TASK INSTRUCTIONS ▸ Copy each line of the data below exactly, leaving out pictures.

(Beginning of RECORDS SUPPLIED)

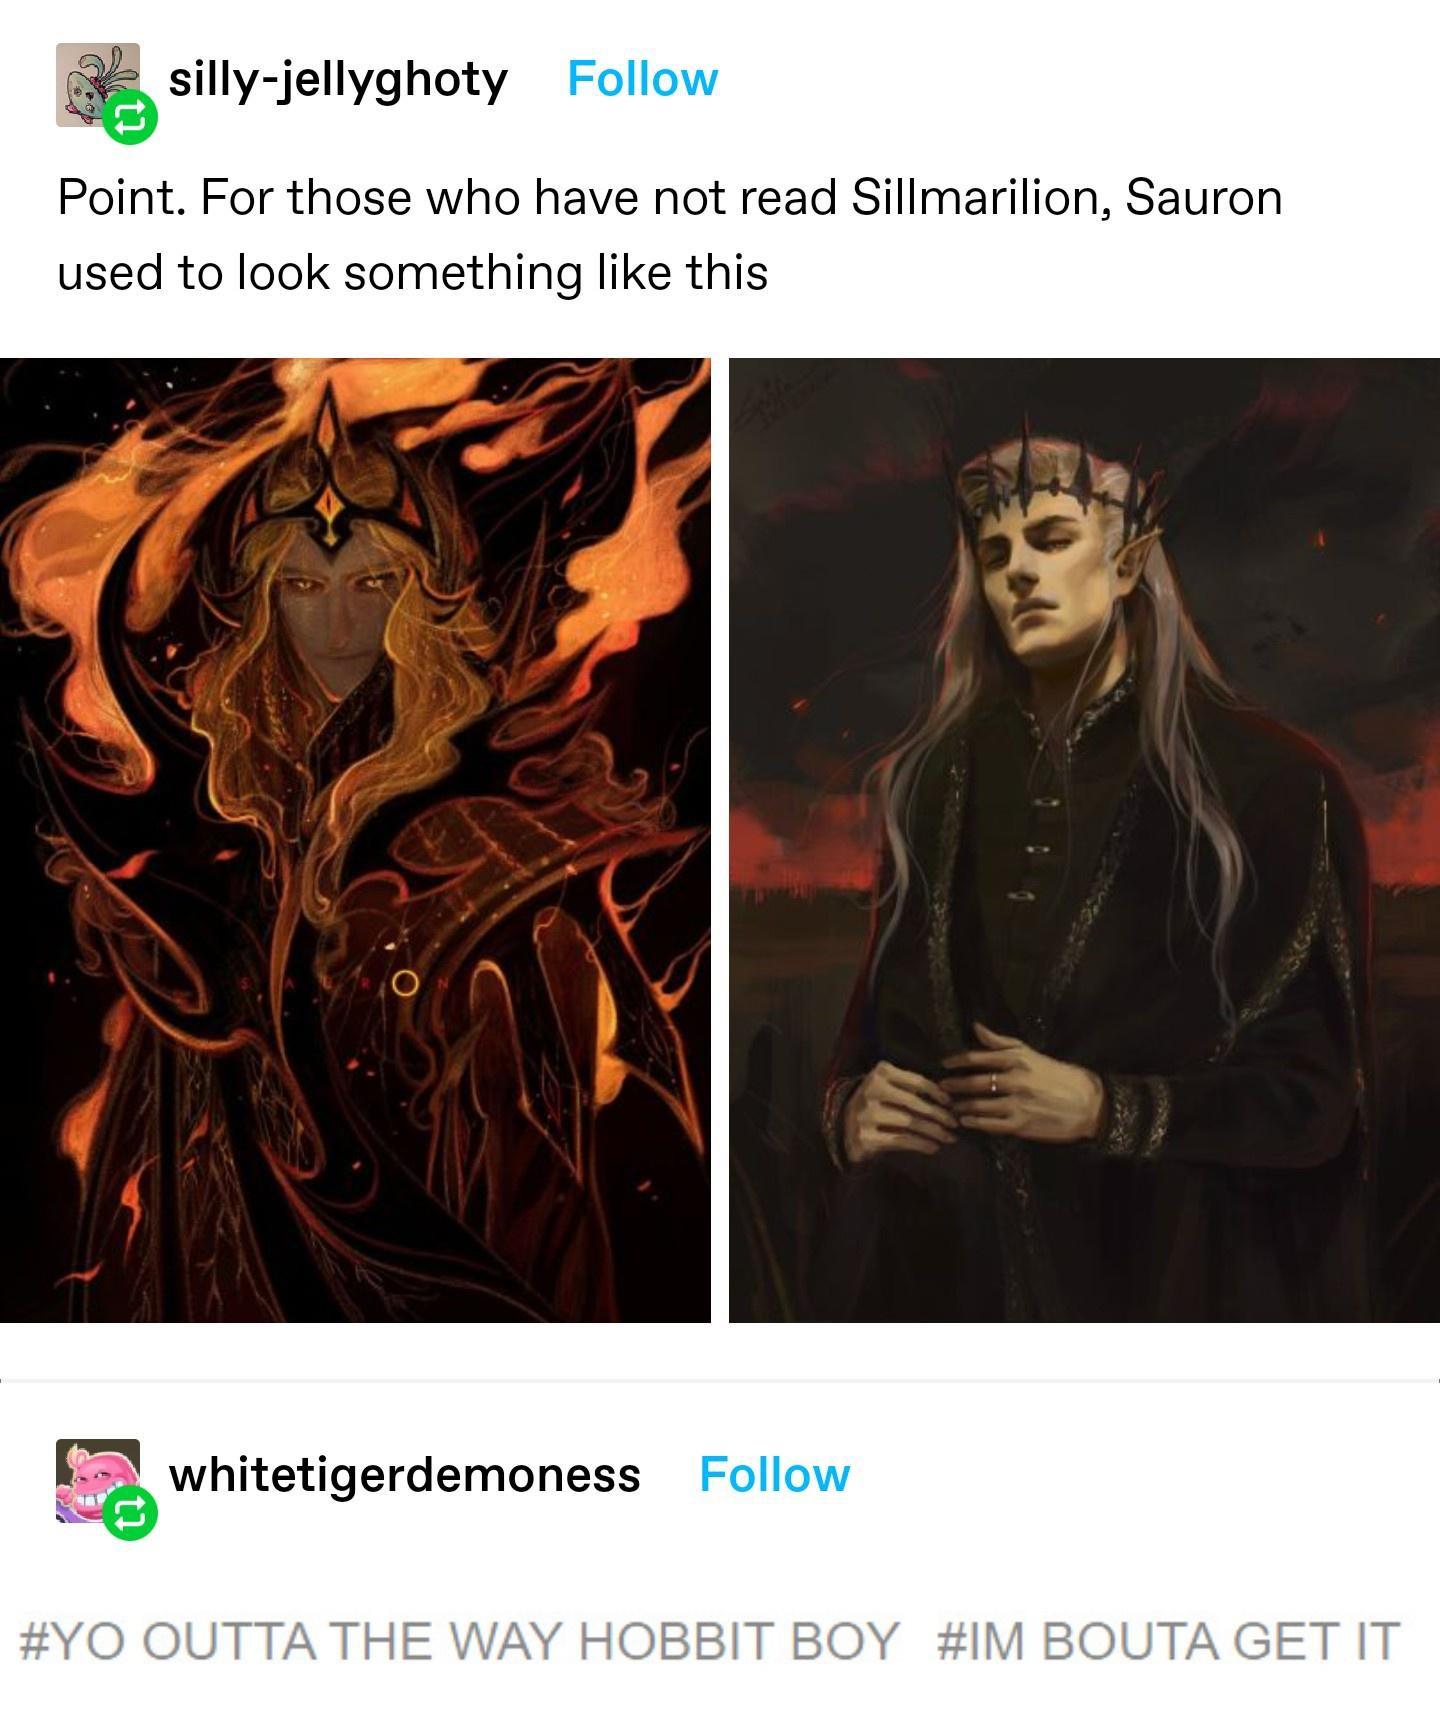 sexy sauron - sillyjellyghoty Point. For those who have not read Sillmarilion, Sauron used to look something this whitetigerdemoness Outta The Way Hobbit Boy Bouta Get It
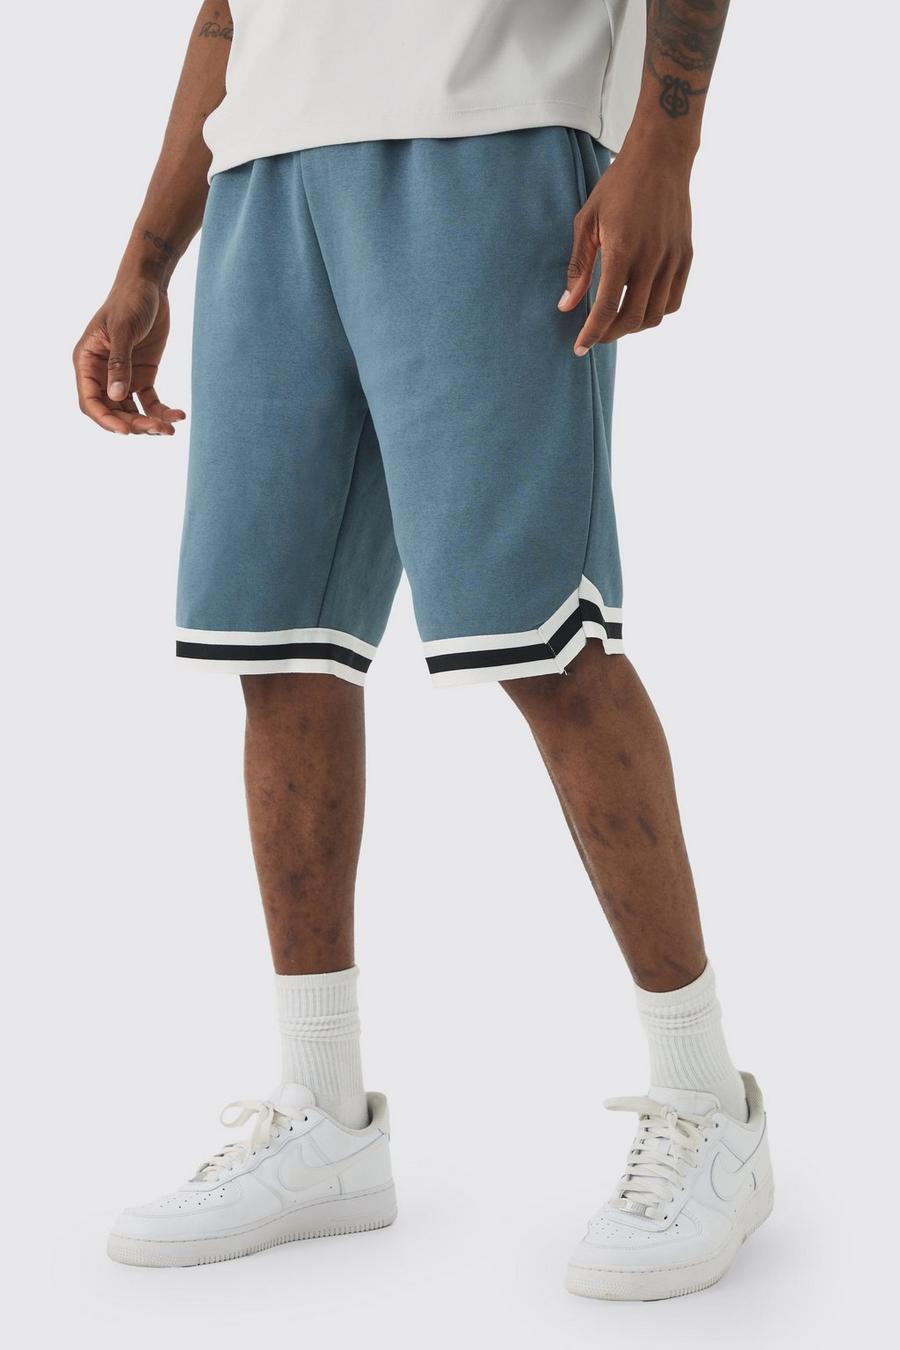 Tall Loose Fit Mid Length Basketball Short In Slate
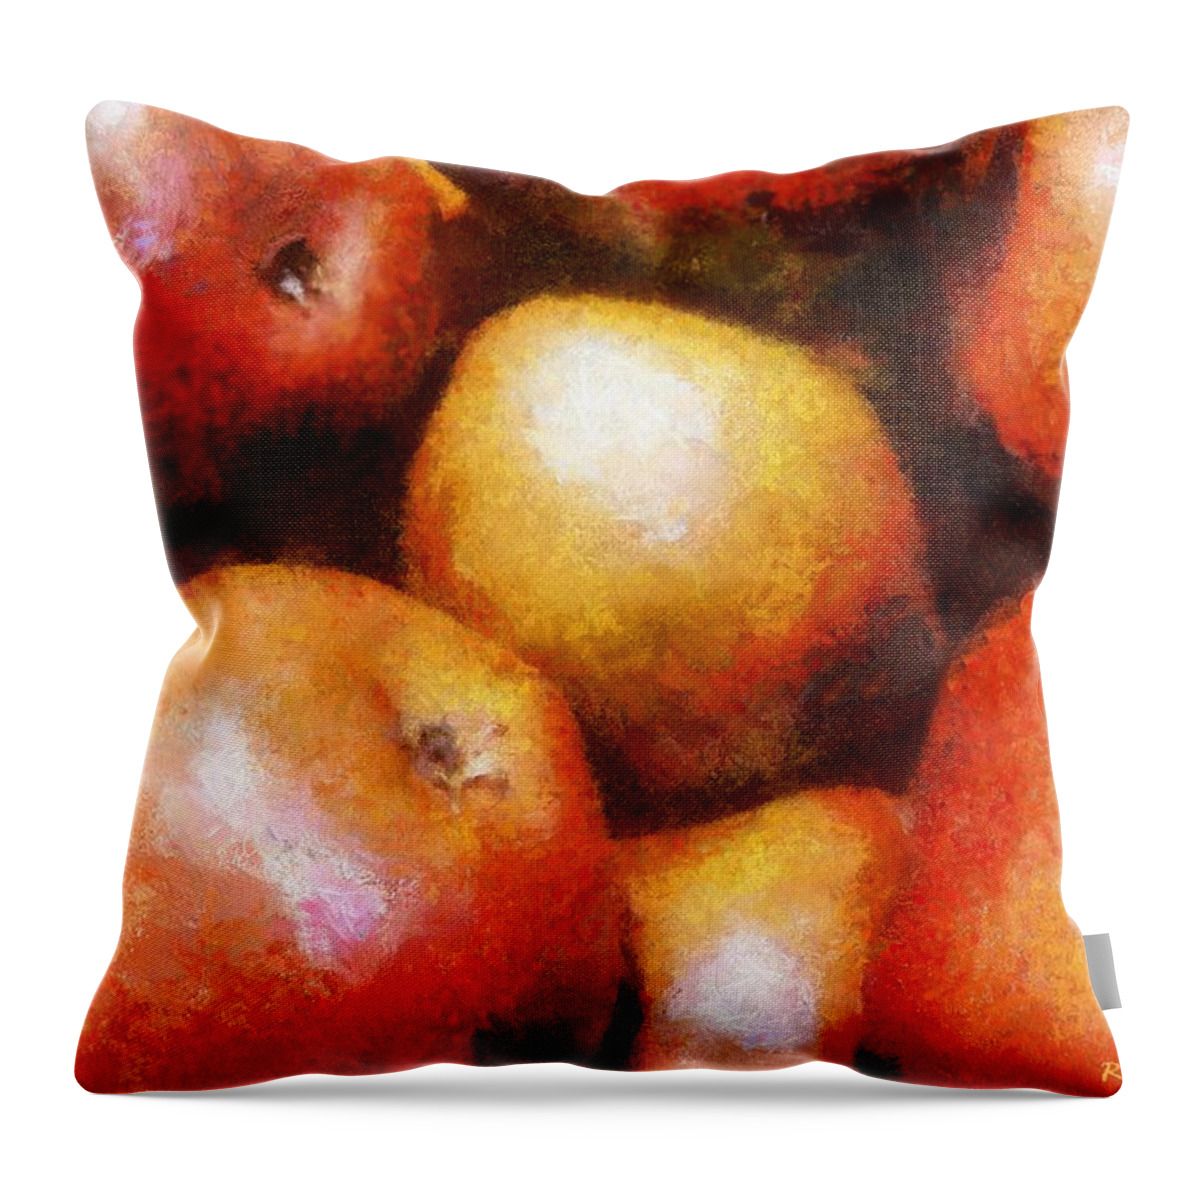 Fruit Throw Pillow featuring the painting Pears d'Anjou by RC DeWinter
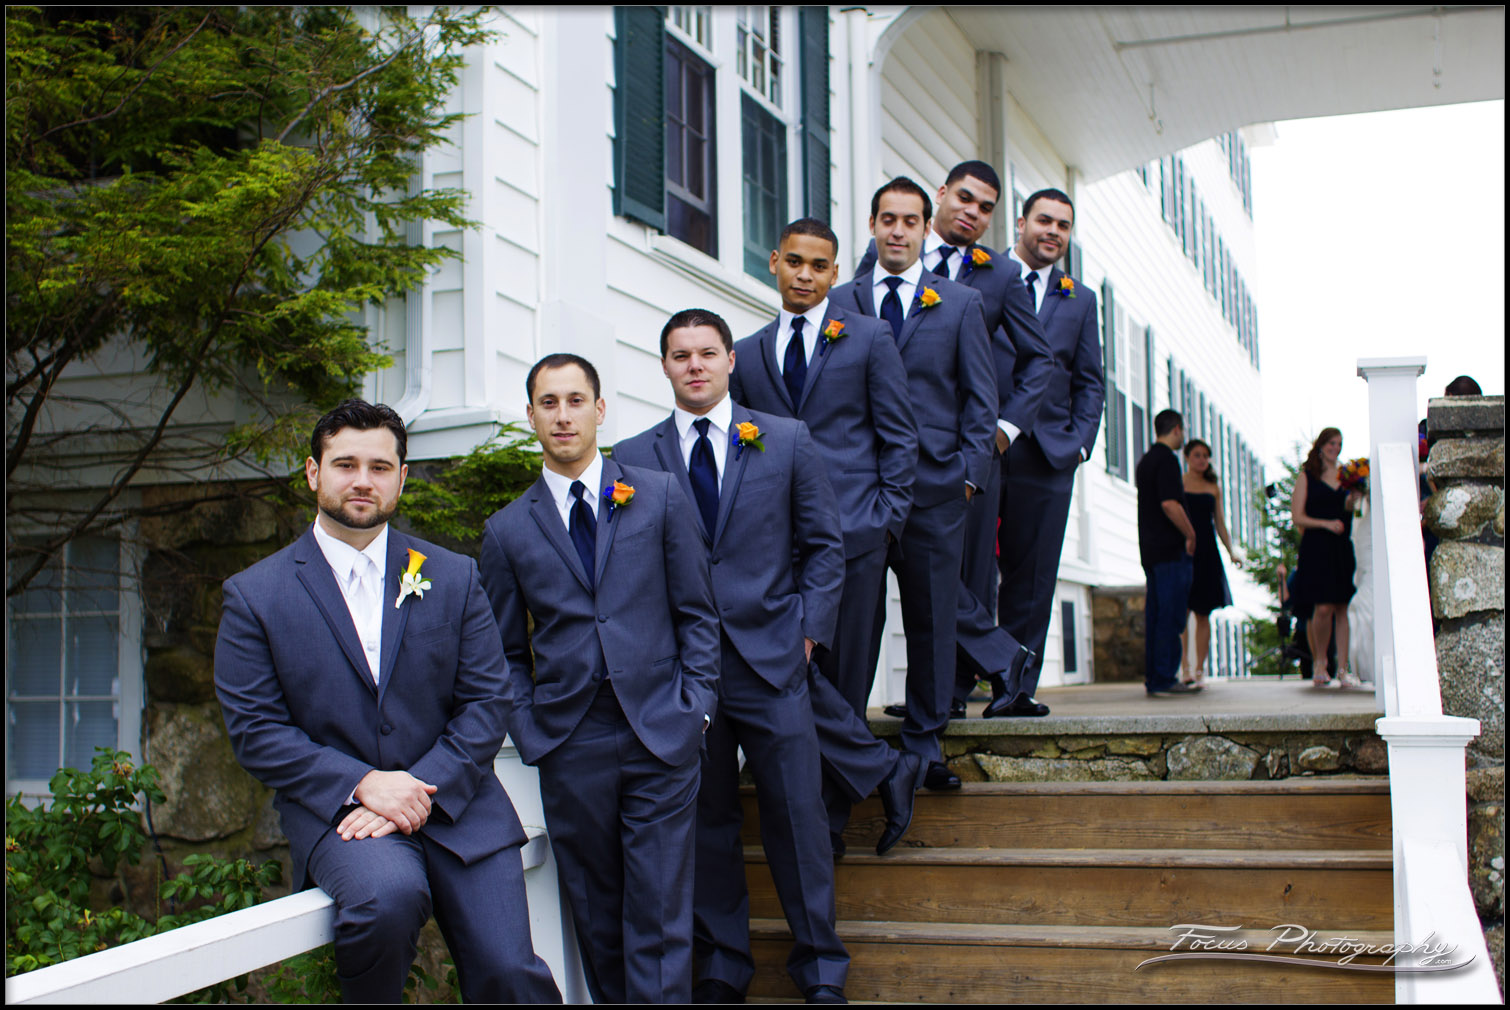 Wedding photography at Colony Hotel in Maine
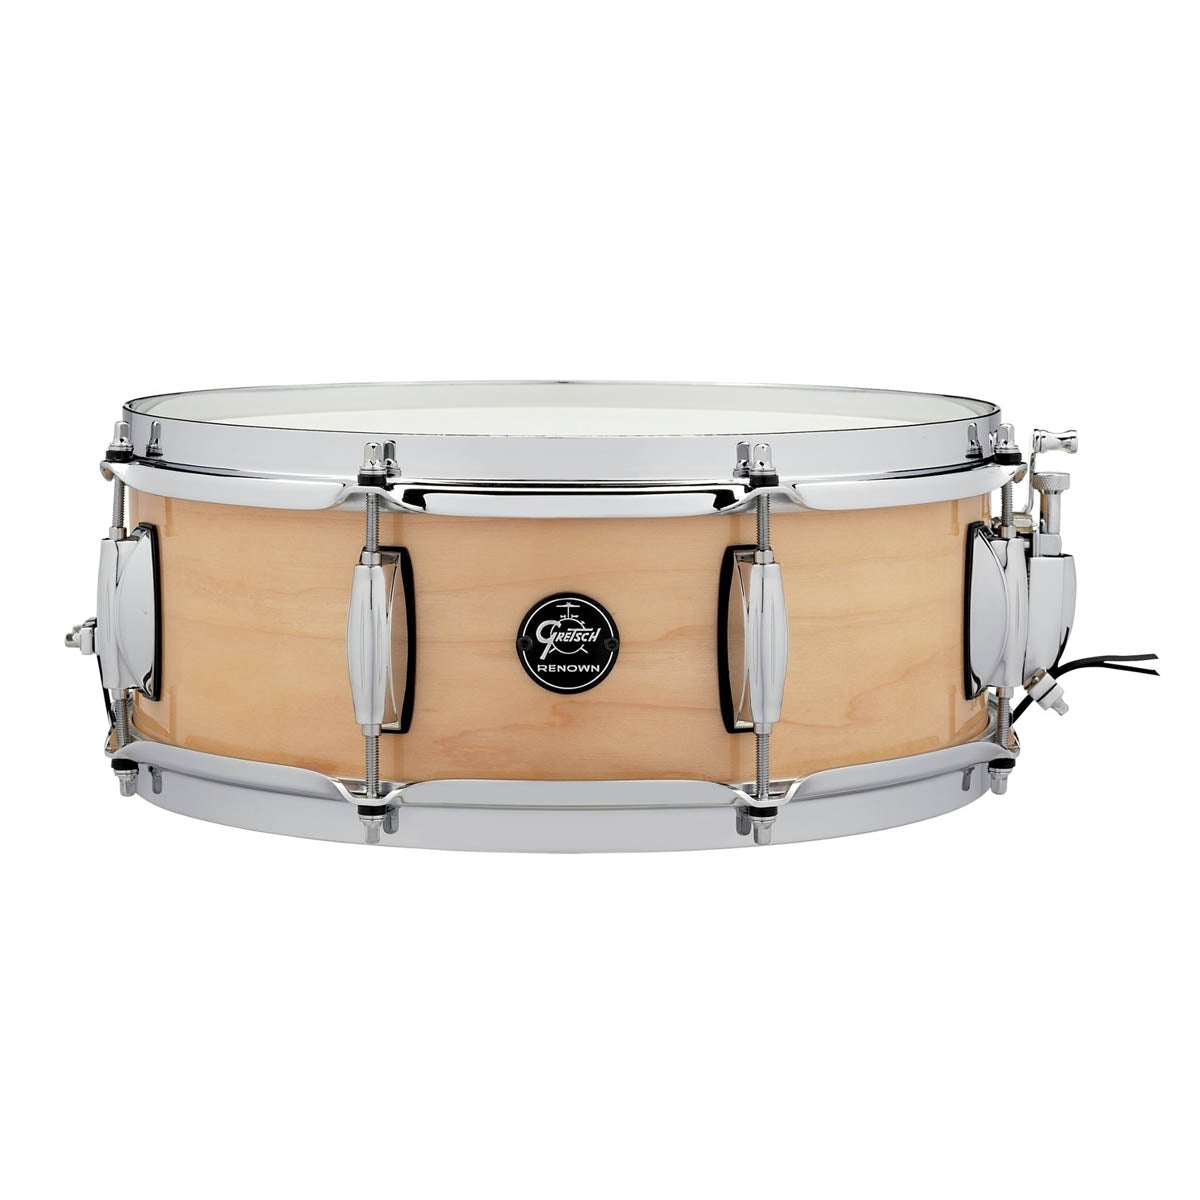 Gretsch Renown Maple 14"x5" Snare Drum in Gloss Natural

(End of RECORDS SUPPLIED)

YOUR RESPONSE ▸
 sexy sauron - sillyjellyghoty Point. For those who have not read Sillmarilion, Sauron used to look something this whitetigerdemoness Outta The Way Hobbit Boy Bouta Get It
 Tall Loose Fit Mid Length Basketball Short In Slate
 Fruit Throw Pillow featuring the painting Pears d'Anjou by RC DeWinter
 Wedding photography at Colony Hotel in Maine
 Gretsch Renown Maple 14"x5" Snare Drum in Gloss Natural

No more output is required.